O papel dos membros do Ministério Público Federal (MPF) de todo o país é de protagonismo no enfrentamento ao racismo, à discriminação racial e a todo tipo de trabalho escravo contemporâneo. As iniciativas de procuradores e procuradoras, nos dias atuais, são uma reparação pelo passado escravista brasileiro.
Nesta semana, a atuação de membros no Rio de Janeiro resultou no pedido de desculpas do Banco do Brasil à sociedade e no anúncio de medidas por parte da instituição financeira para promover a igualdade e a inclusão étnico-racial, além de combater o racismo estrutural no país.
O inquérito civil conduzido pela Procuradoria Regional dos Direitos do Cidadão no Rio de Janeiro (PRDC/RJ) tem como base a manifestação de historiadores que, em pesquisa, constataram a participação, à época da escravidão, de sócios e diretores do banco no comércio clandestino de africanos. Revelaram, ainda, que a instituição teria lucrado com o tráfico mesmo após ser proibido no país.
“O pedido de perdão é um passo importante, que indica a importância de levarmos adiante esse debate e avançarmos nas discussões sobre a reparação da escravidão”, avalia Julio Araujo, procurador da República responsável pelo inquérito.
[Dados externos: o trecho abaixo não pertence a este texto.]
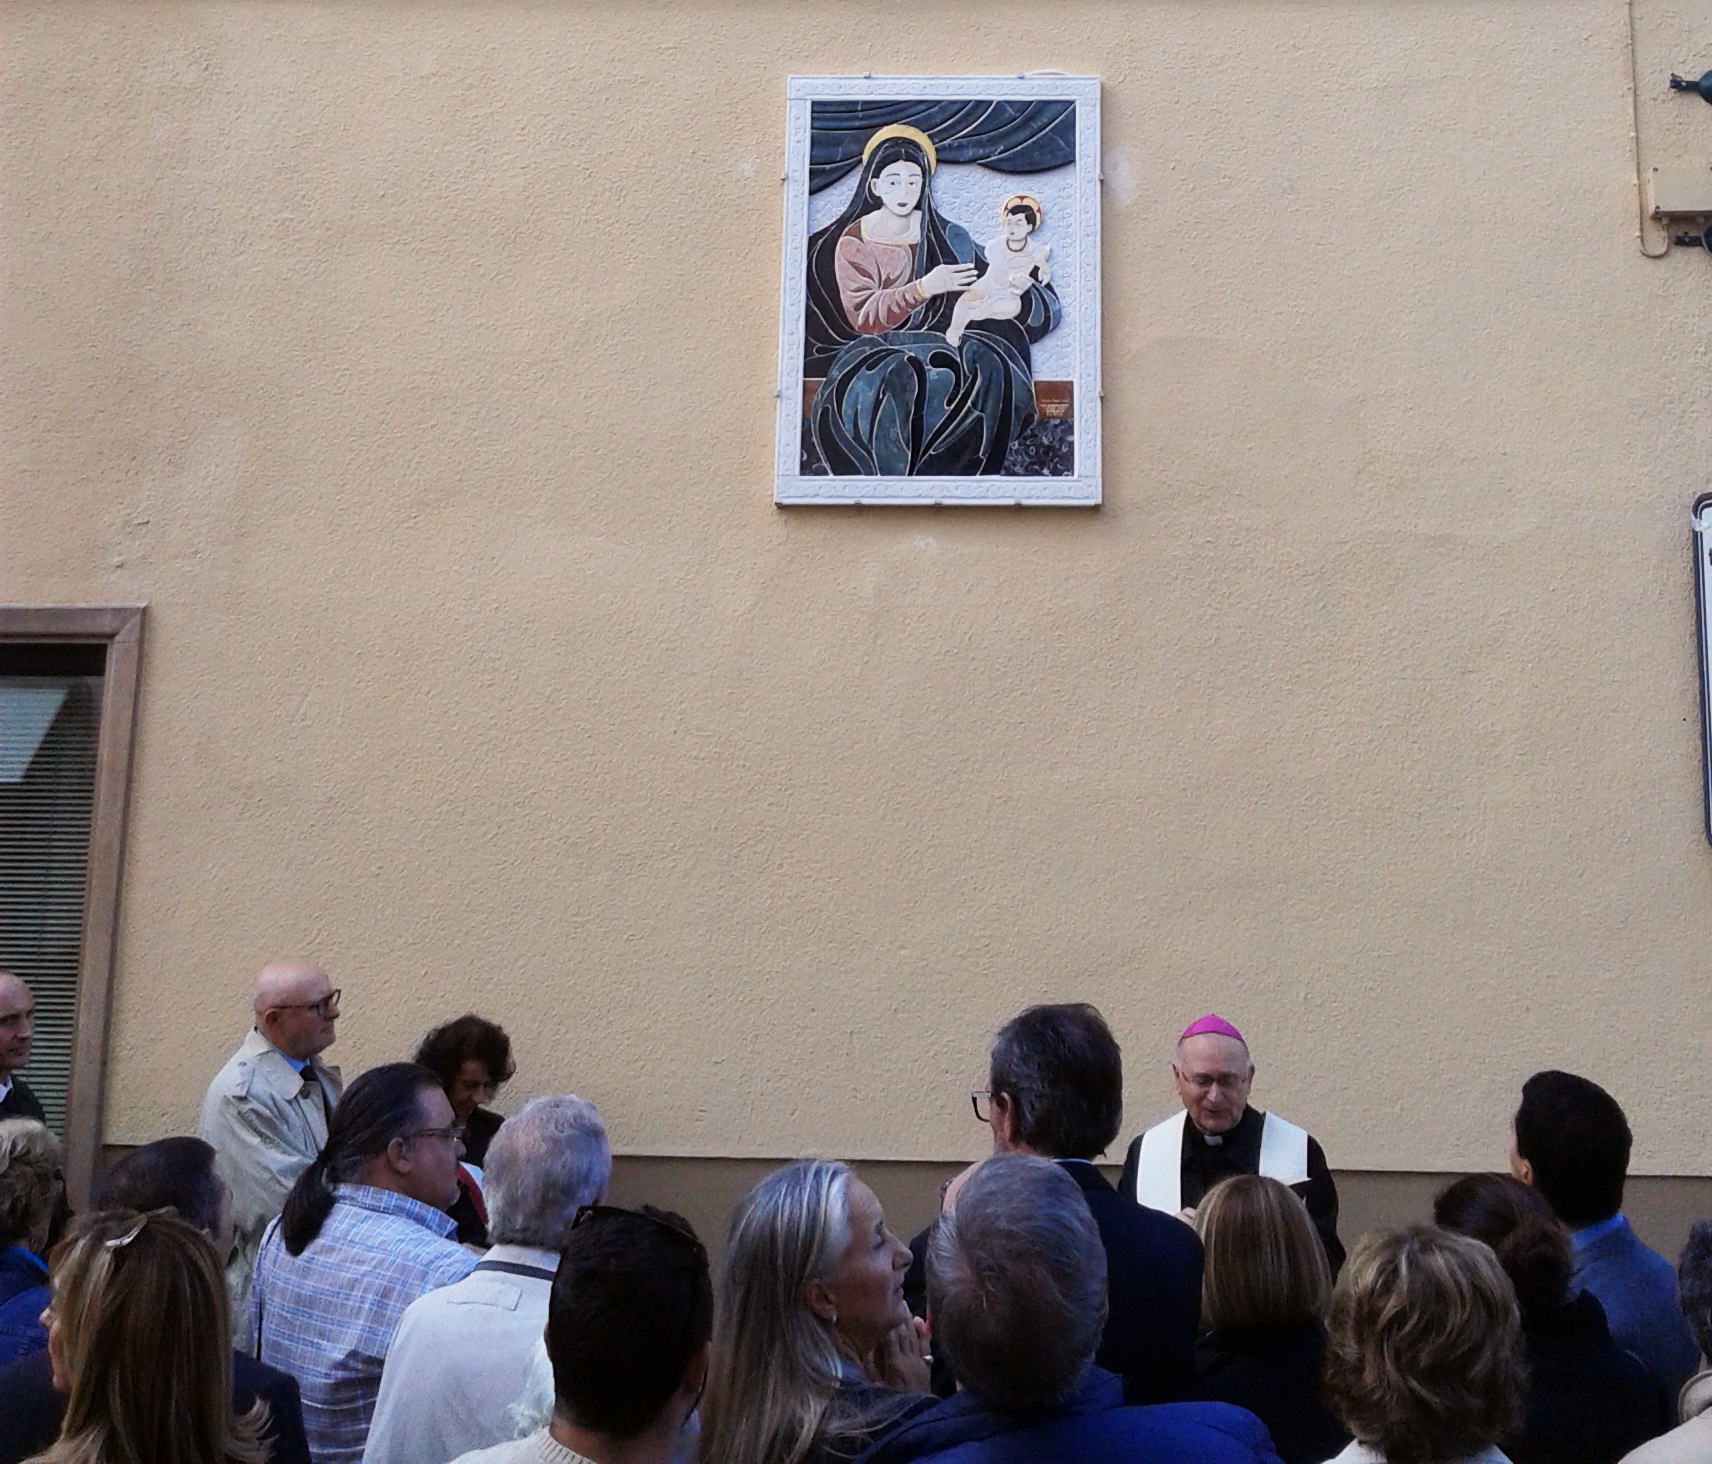 Il legame tra la “Madonna dei Miracoli” e i lucchesi rivive grazie alla tarsia realizzata da Liceo artistico “Stagi” di Pietrasanta
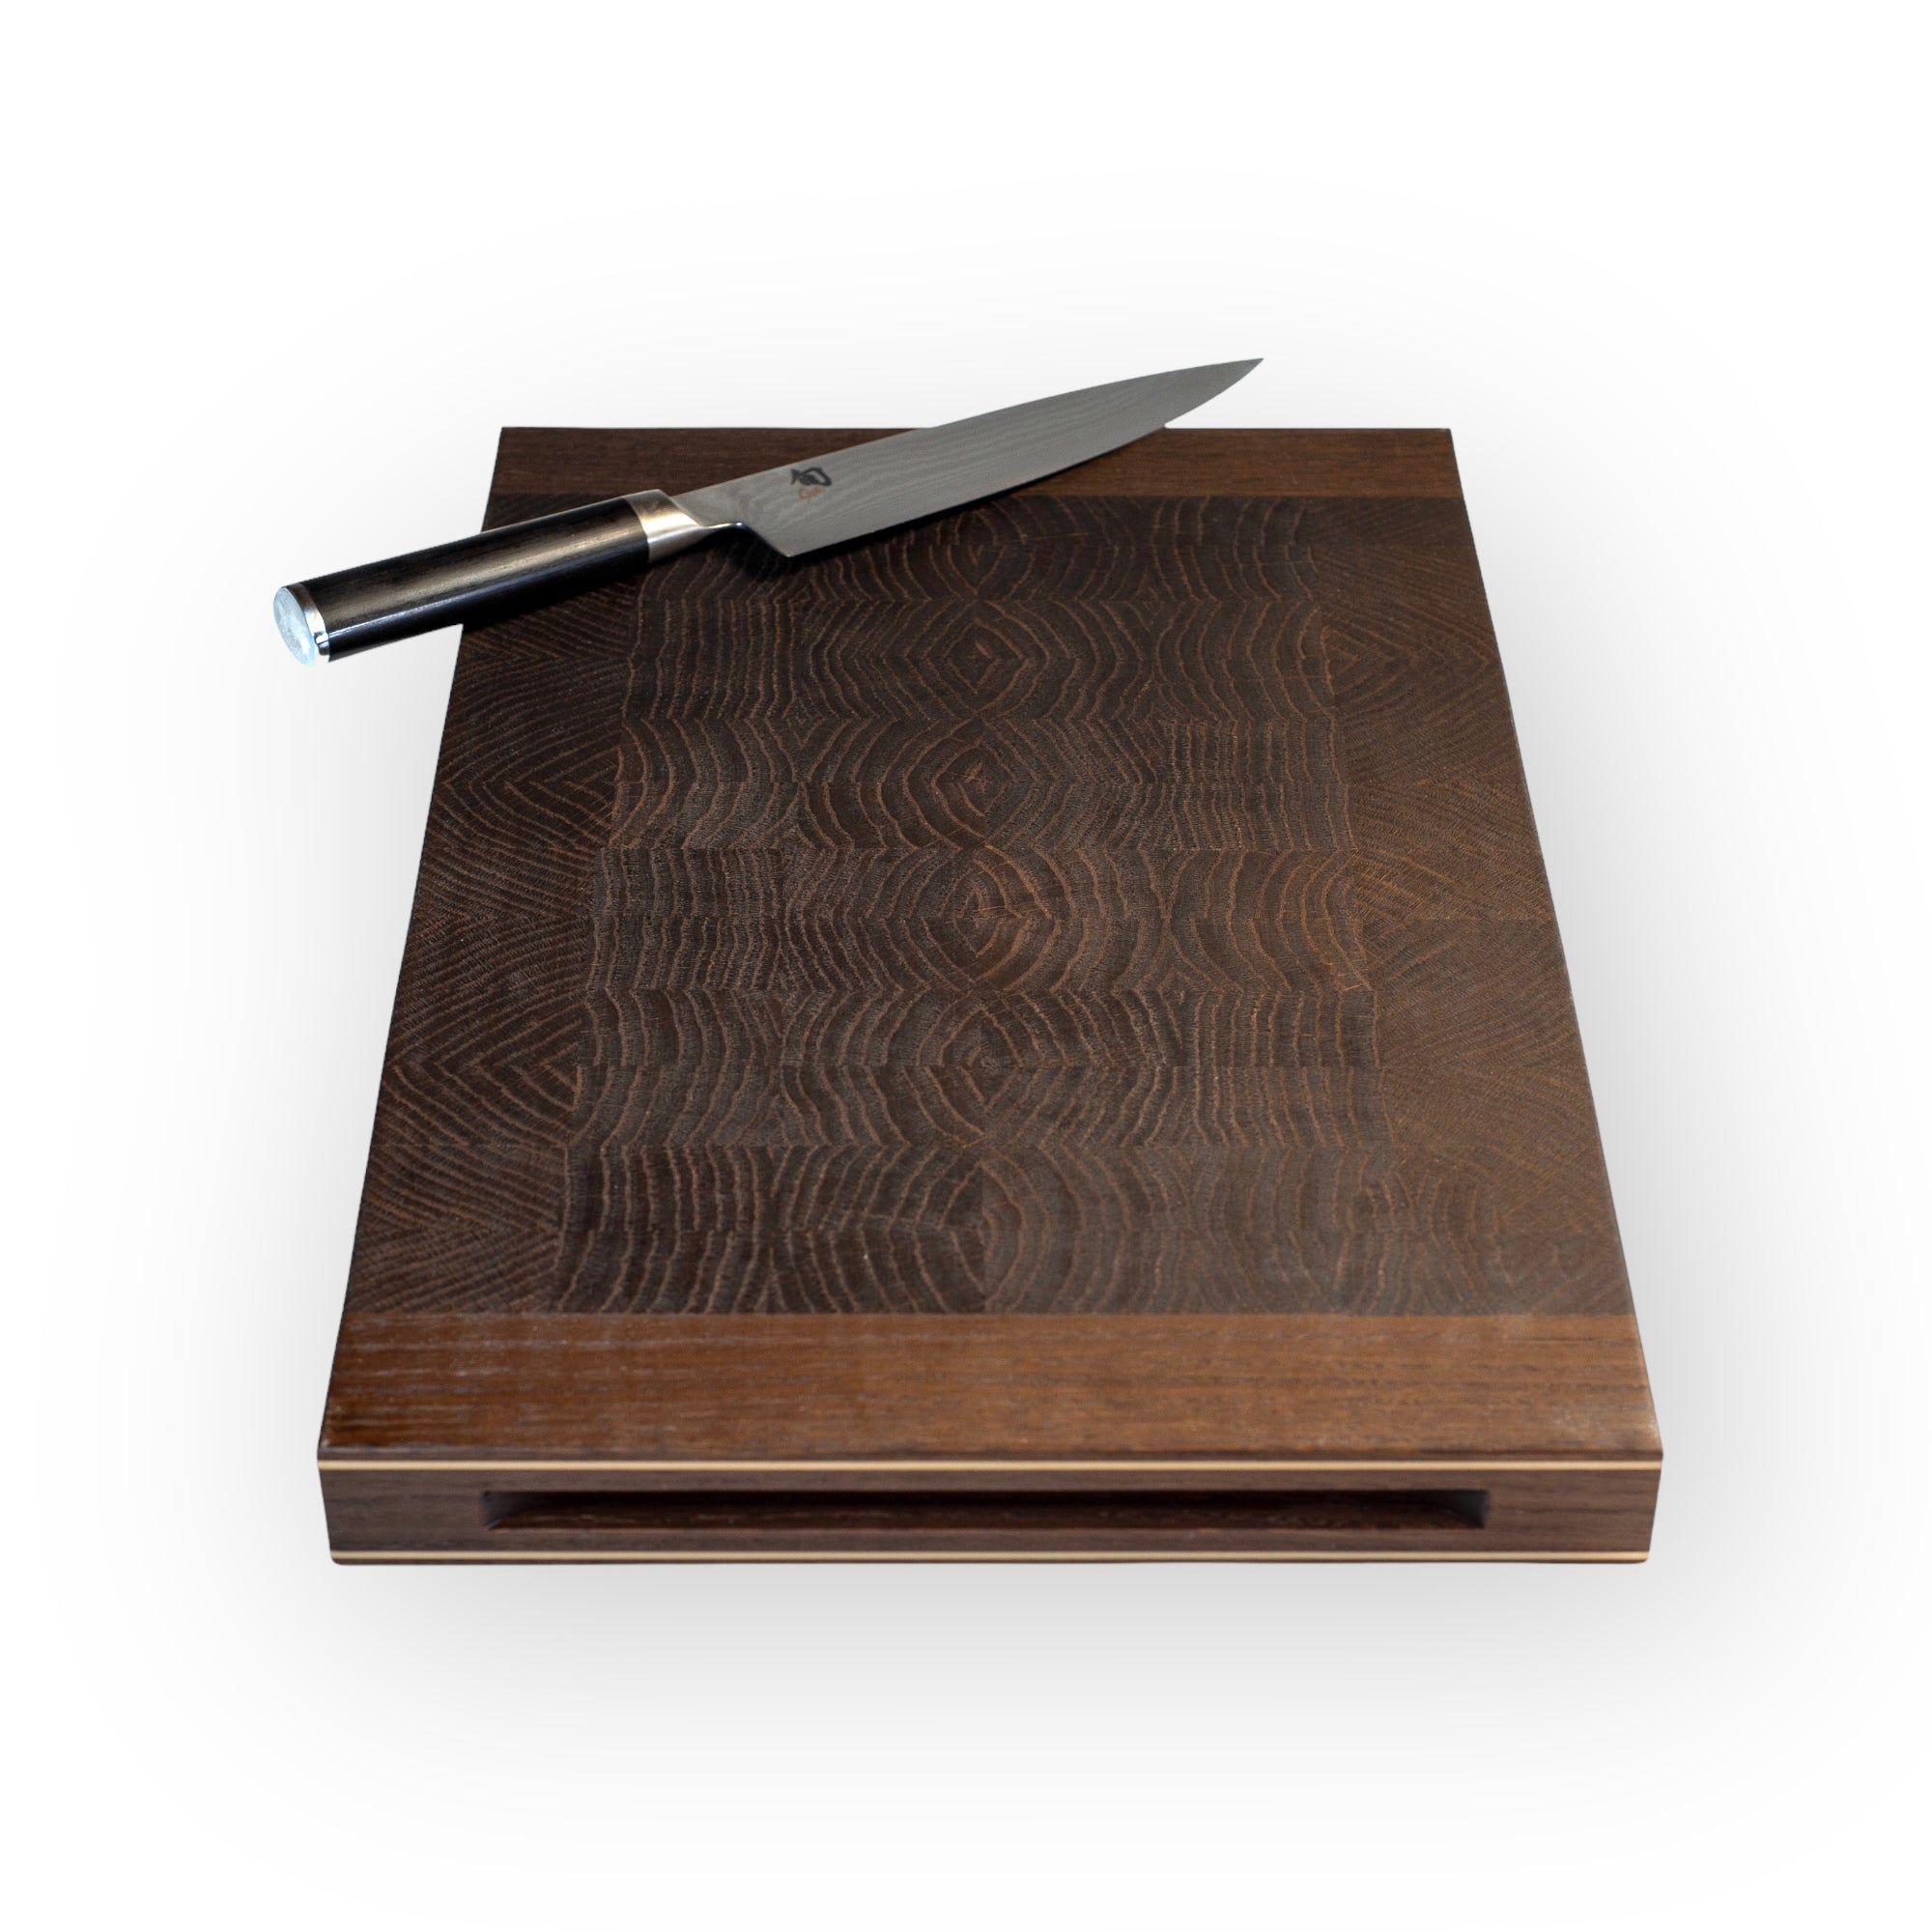 ''Chefs board' - skærebræt i endetræ' by Rune-Jakobsen Design. Explore our large selction of Skærebrætter

Ainda no Rio de Janeiro, o MPF acompanha as medidas para garantir a conservação, a proteção e a valorização do Cais do Valongo, sítio arqueológico, reconhecido pela Unesco como patrimônio da humanidade. Construído em 1811, o cais foi o principal ponto de desembarque e comércio de pessoas negras escravizadas nas Américas.
De acordo com a coordenadora adjunta da Comissão ANPR Raça da Associação Nacional dos Procuradores da República (ANPR), Nathália Mariel, falar em democracia e em defesa dos direitos fundamentais significa incluir todos os brasileiros, sem distinção.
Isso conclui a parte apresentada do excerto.